A complete discussion of Condor is clearly beyond the scope of this article. Instead, we will discuss exactly how Condor transparently implements checkpoint/restart of a UNIX process and how remote procedure calls (RPCs) transparently provide a consistent file-system environment suitable for process migration.

The Basic Condor Framework

One of the major components of Condor is its facility for transparently checkpointing and subsequently restarting a process, possibly on a different machine. By "transparent" we mean that the user code is not specially written to accommodate the checkpoint/restart or migration and generally has no knowledge that such an event has taken place. This mechanism is implemented entirely at user level, with absolutely no modifications to the UNIX kernel.

Condor supports checkpoint and migration of most user programs without forcing users to change a single line of source code. However, checkpoint/migration support does require users to link their binary with the Condor Checkpointing Library (the Condor system includes a utility that will do this with one command). The Checkpointing Library first installs a signal handler which contains the code to asynchronously checkpoint the process. Then it augments a wide array of UNIX system calls to support checkpoint/restart as well as migration.

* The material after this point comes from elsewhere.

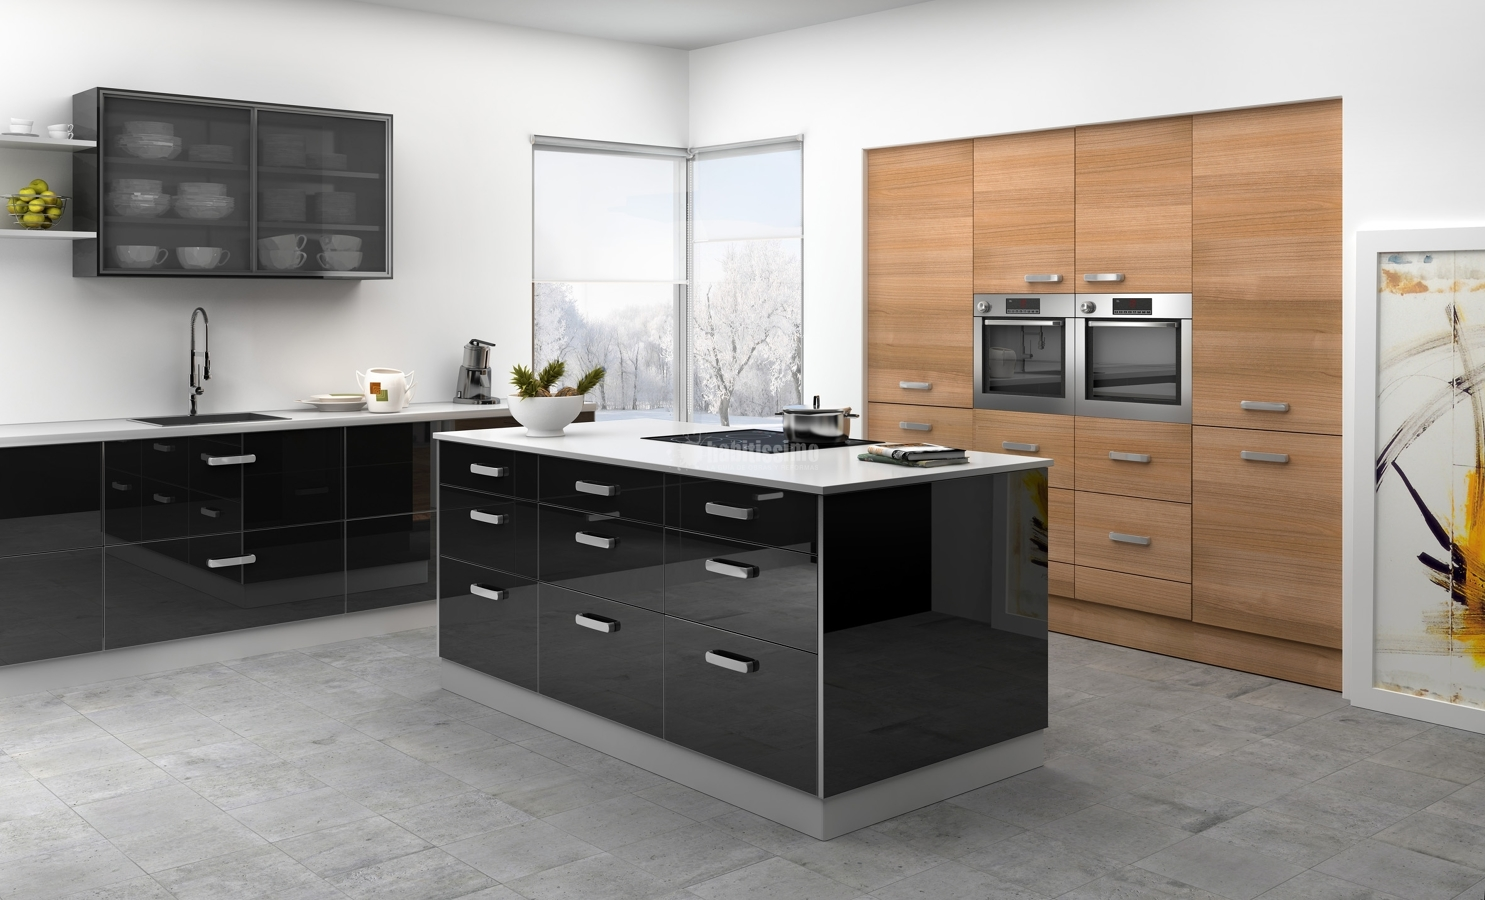 Muebles cocina salamanca 20170820174623 - Muebles epoca salamanca ...

Condor controlling daemons (background UNIX programs) continuously monitor system activity. When Condor notices external system activity (such as someone typing on the keyboard) on a machine running a Condor user job, the daemon sends the job a "checkpoint" signal; see Figure 2. This signal invokes code in the Checkpointing Library that writes out a checkpoint file to disk and then terminates the process. The checkpoint file is transferred back to the machine from which the Condor job was originally submitted. When the Condor central manager locates a newly available idle machine in the pool, the job's original binary executable is transferred to the machine, along with the most recent checkpoint file for that job. Now when the user's job is executed, the Condor Checkpointing Library (which is linked in with the job's binary) will know that this is not the first time this process has run. It will therefore restart by reading in the accompanying checkpoint file and manipulating its state so as to emulate as accurately as possible the state of the old process at checkpoint time. The checkpointing process was invoked by a signal, and now at restart time, things are manipulated so that it appears to the user code that the process has just returned from that signal handler.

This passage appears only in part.